Introduction to Renewable Energy
ME 54200
Credits: 3
This is an introductory course on renewable energy. The students will learn the fundamental principles of the various renewable energy options and their applications and costs. After taking this course, the students will be familiar with the economic and societal impact of renewable energy systems, and be able to participate in the design or selection of renewable energy systems.
CAD/CAM Theory and Application
ME 54600
Credits: 3
Introduction to computer-aided design (CAD) and computer-aided manufacturing (CAM) theory and applications. Topics include CAD/CAM systems and integration, geometric modeling, process planning, and tool path generation, CAD/CAM interfacing with CNC (computer numerically controlled) machines, machining, and CNC programming. Projects involve CAD/CAM-based product development cycle. Hands-on experience is attained through laboratory experiment and actual CNC manufacturing.
Primary Track: Solid Mechanics & CAE, Mechatronics & Controls, Design
Fuel Cell Science & Engineering
ME 54800
Credits: 3
This course is designed as the introduction to fuel cell science and engineering for both graduate and undergraduate students (senior). The course is 3 credit hours (3 credits for lecture). It is intended for students in the mechanical and electrical engineering, materials science and chemistry. The course will cover the fundamentals of the fuel cell science; emphasis will be placed on the fuel cell reactions, charge and mass transport in fuel cells, water transport management, and materials development in the fuel cells, fuel cell system designs and integrations. The current state-of-the-art fuel cell technology will be introduced as well as the current technical challenges on the development of fuel cells. Codes and standards for safe handling of fuel cells will also be emphasized.

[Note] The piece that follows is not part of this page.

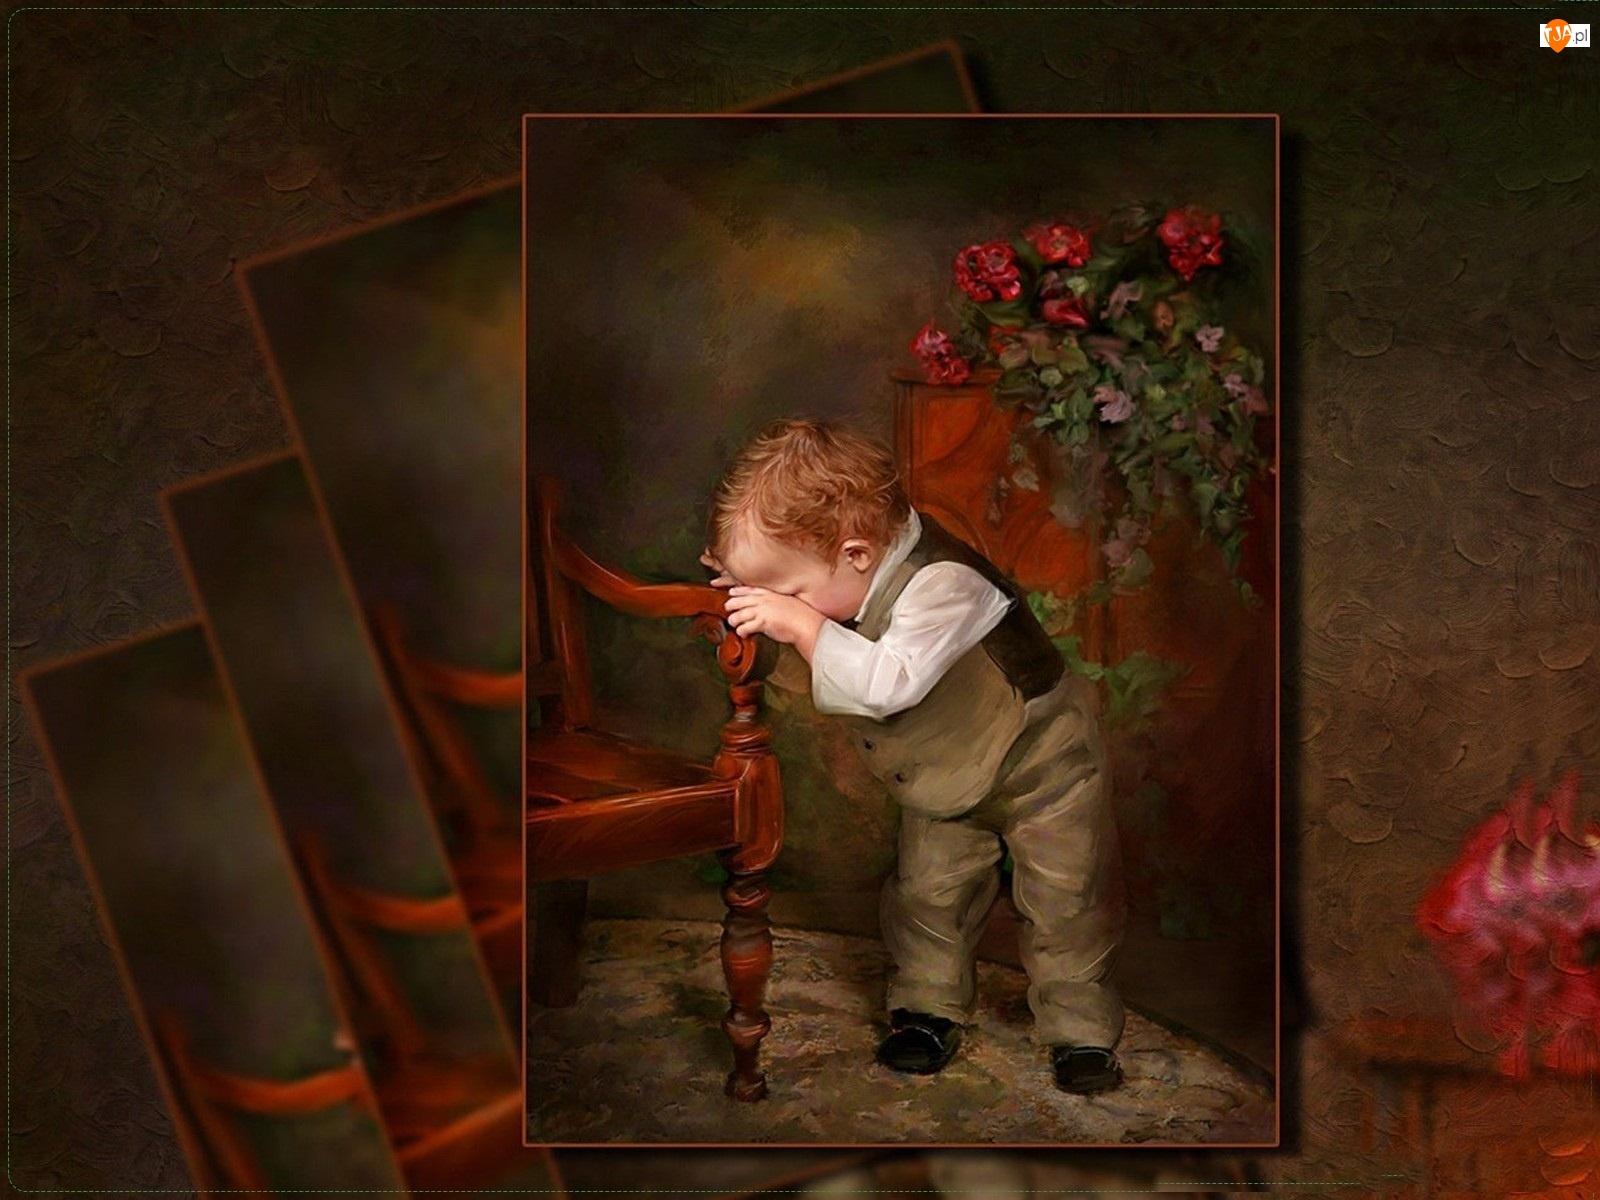 Chłopiec, Richard Ramsey, Malarstwo

PRIMARY TRACK: Energy; Materials
Advanced Stress Analysis
ME 55000
Credits: 3
Studies of stresses and strains in three-dimensional problems. Failure theories and yield criteria. Stress function approach to two-dimensional problems. Bending of non-homogeneous asymmetric curved beams. Torsion of bars with noncircular cross sections. Energy methods. Elastic stability. Introduction to plates. Students may not receive credit for both ME 472 and ME 550. [Key Undergraduate Course: ME 27200]
Finite Element Analysis
ME 55100
Credits: 3
Concepts of finite elements methods; formulations for different engineering problems and their applications. Variational methods, the finite element concept, and applications in stress analysis, dynamics, fluid mechanics, and heat transfer.
Primary Track: Solid Mechanics & CAE, Fluid & Thermal Sciences, Materials, Biomechanics, Design
Advanced Applications of Finite Element Method
ME 55200
Credits: 3
Various algorithms for nonlinear and time-dependent problems in two and three dimensions. Emphasis on advanced applications with problems chosen from fluid dynamics, heat transfer, and solid mechanics areas. Independent project required.
Composite Materials
ME 55800
Credits: 3
Potential applications of composite materials. Basic concepts of fiber-reinforced composites. Manufacturing, micro- and macro-mechanics, and static analysis of composite laminates. Performance (fatigue and fracture) and its application to engineering design.
Kinematics
ME 56000
Credits: 3
Geometry of constrained-plane motion with application to linkage design. Type and number synthesis, size synthesis. Path curvature, inflection circle, cubic of stationary curvature. Finite displacements, three- and four-separated positions. Graphical, analytical, and computer techniques.
Advanced Dynamics
ME 56200
Credits: 3
Dynamics of multiple-degrees-of-freedom mechanical systems. Holonomic and nonholonomic constraints. Lagrange’s equations of motion. Hamilton’s principle for holonomic systems. Kinematics and kinetics of rigid-body motion, including momentum and energy methods, linearized equations of motion. Classification of vibratory systems: gyroscopic, circulatory forces. Stability of linear systems: divergence and flutter. Applications to gyroscopes, satellite dynamics, etc.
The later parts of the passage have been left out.